Inicjatorem i głównym organizatorem spotkań z rękodziełem i jego twórcami jest Leszek Richter – prezes Sekcji Ludoznawczej PZKO i twórca Izby Regionalnej im. Adama Sikory w Jabłonkowie zaangażowany w działalność marki Górolsko Swoboda. Spora część wystawiających się w Lasku Miejskim rzemieślników legitymuje się właśnie certyfikatem tej marki.
Pomysł pokazów rzemieślniczych i stoisk z rękodziełem chwalą sobie zarówno wystawcy, jak i goście. – Fajnie, że możemy się tu wystawić, pokazać nasze wyroby i naszą pracę, a rękodzielnicy stoiska mają za darmo. Zainteresowanie było bardzo duże, przychodzili ludzie z Polski, Czech, Słowacji, sporo obcokrajowców – mówi wystawiający się na Gorolskim Święcie od 4 lat pszczelarz Piotr Nytra z Cieszyna.
Co bardzo go cieszy, ludzie nie tylko przychodzili i kupowali jego wyroby, ale też dużo wypytywali o pszczoły, pszczelarstwo. – Pytali czy to prawda, że pszczoły giną, coraz więcej mówi się o problemie w mediach, więc ludzie zaczęli się interesować – zauważa. – Pytają też jak założyć małą pasiekę w ogrodzie, na dachu. Te cztery lata temu takie pytania się nie zdarzały.
Tradycyjne słowiańskie wzory prezentowano na stoisku z Brześcia na Białorusi. – Kolor czerwony i gwiazda symbolizują ochronę od wszystkiego złego – wyjaśnia Halina Masiuk, która na Gorolskim Święcie jest już po raz drugi. Hafty na tradycyjnych białoruskich koszulach stanowiły swoistego rodzaju talizmany. A prezentujący je Brześcianie na swym stoisku mieli zarówno całkiem tradycyjne pod względem kroju i zdobień koszule, jak i sukienki i koszule współczesnego kroju zdobione tradycyjnymi wzorami.
– Nawet na tych współczesnych sukienkach używam stuprocentowy len i tradycyjne wzory – podkreśla Masiuk.

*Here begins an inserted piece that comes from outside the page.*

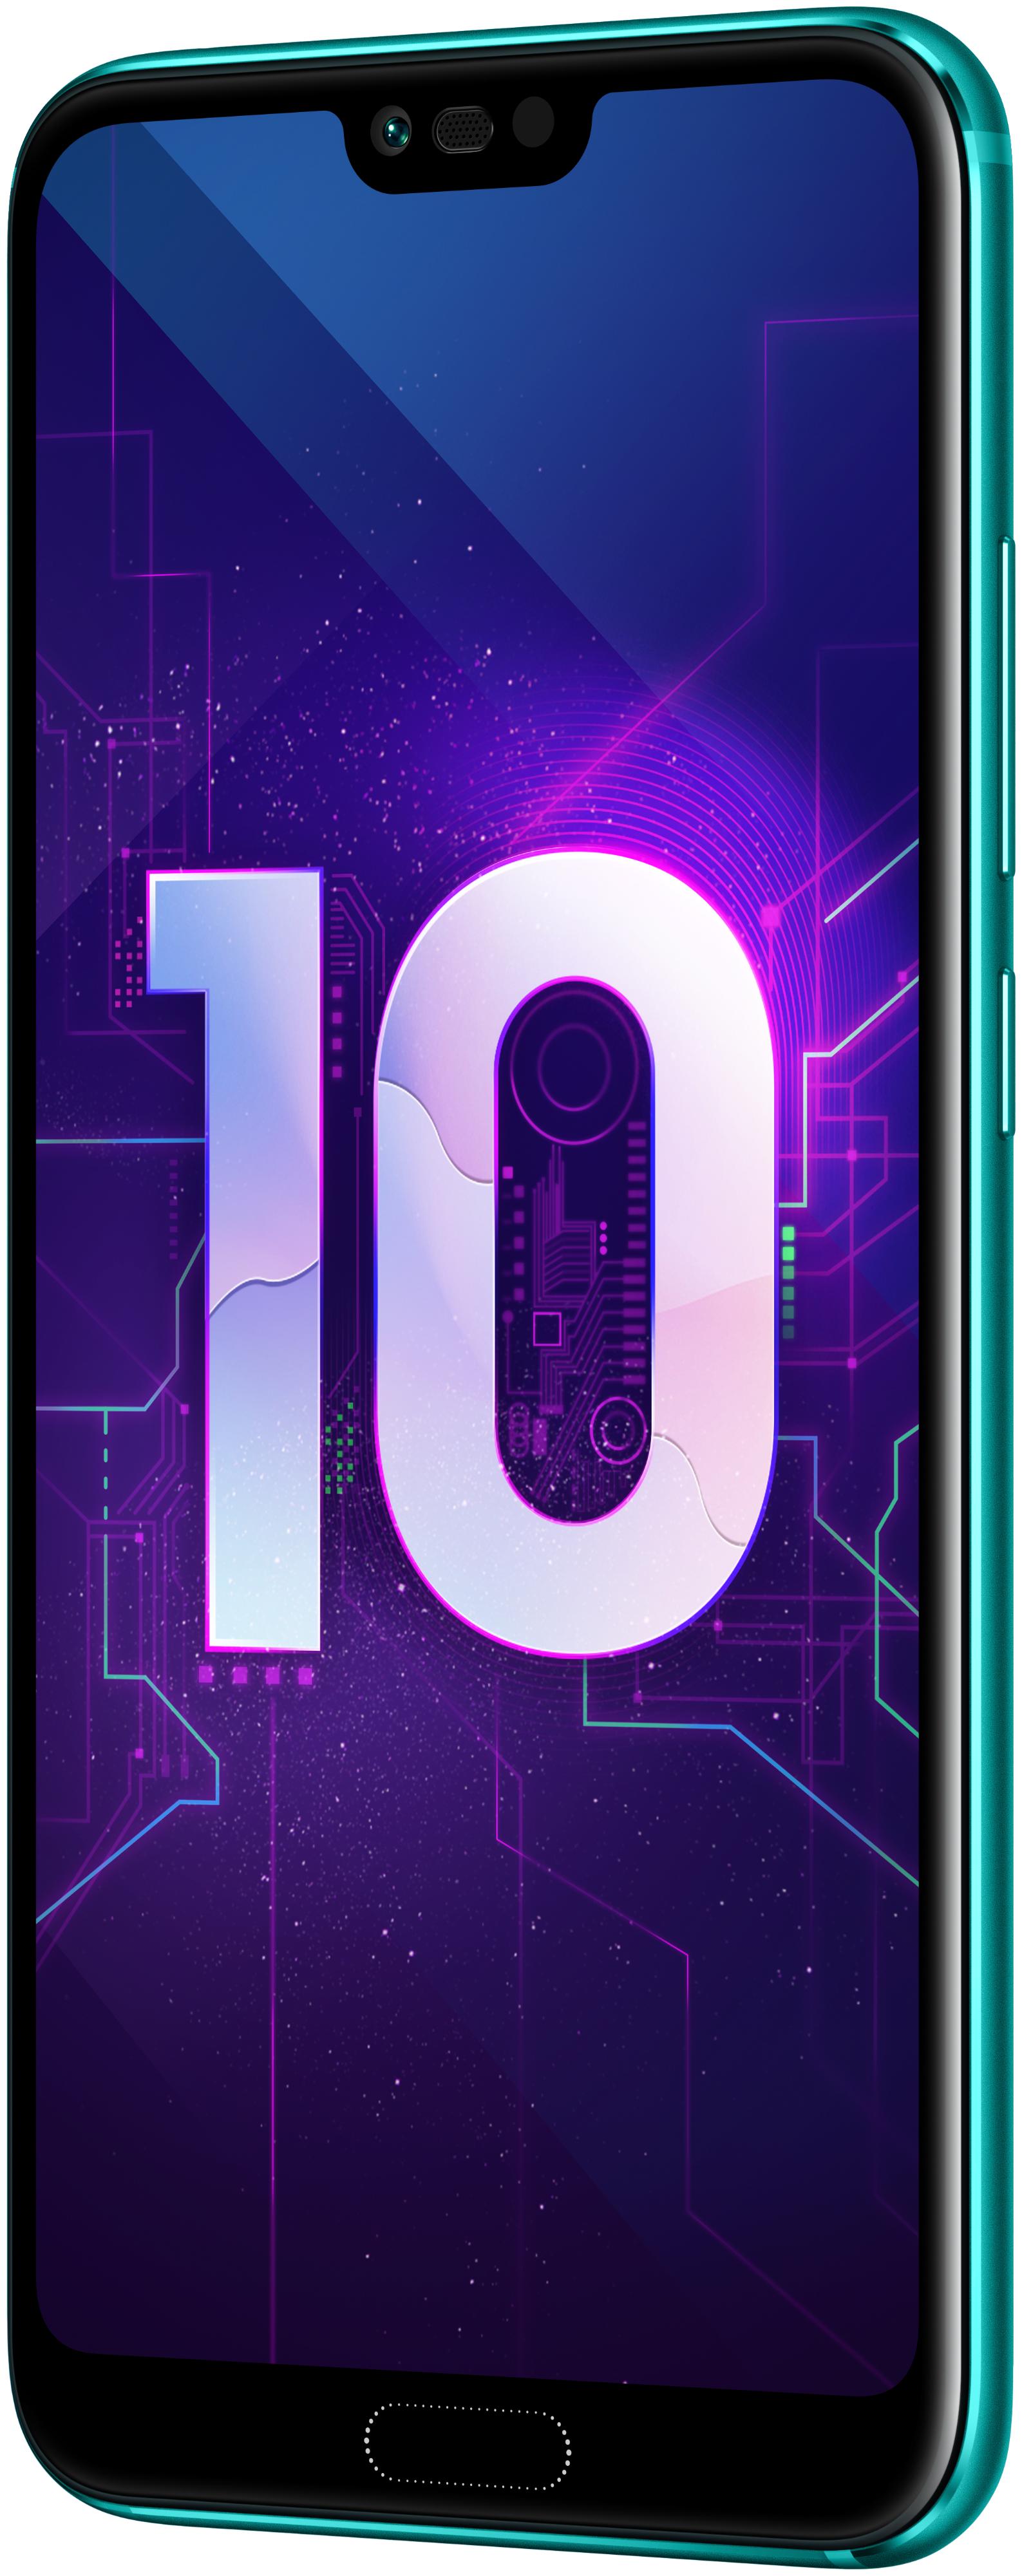 HONOR 10 4/64GB - аккумулятор: 3400мА·ч

Podziwiać można było także kunszt kowali, dzwonkarzy, garncarzy i druciarzy, którzy zaprezentowali klasyczne i ozdobne drutowanie naczyń, jak i wyrób drucianej biżuterii oraz różne techniki splatania drutu, czy umiejętności mistrzów rzemiosła ciesielskiego.
Pokazywano, jak robi się łupane szyndzioły oraz naczynia sałasznicze. Swe odchodzące już w zapomnienie rzemiosło demonstrowali bednarz, kołodziej i wytwórca naczyń dłubanych. Podziwiać można było zręczność plecionkarza i powroźnika, prześledzić bardzo mozolny i skomplikowany proces pozyskiwania włókna lnianego i jego dalszej obróbki czyli: obrywanie główek nasiennych za pomocą żelaznych grzebieni, łamanie lnu na cierlicy, czesanie na szczotce zębatej i przędzenie na kołowrotku. Nie zabrakło również pokazu tkania na krosnach i czesania oraz spilśniania wełny.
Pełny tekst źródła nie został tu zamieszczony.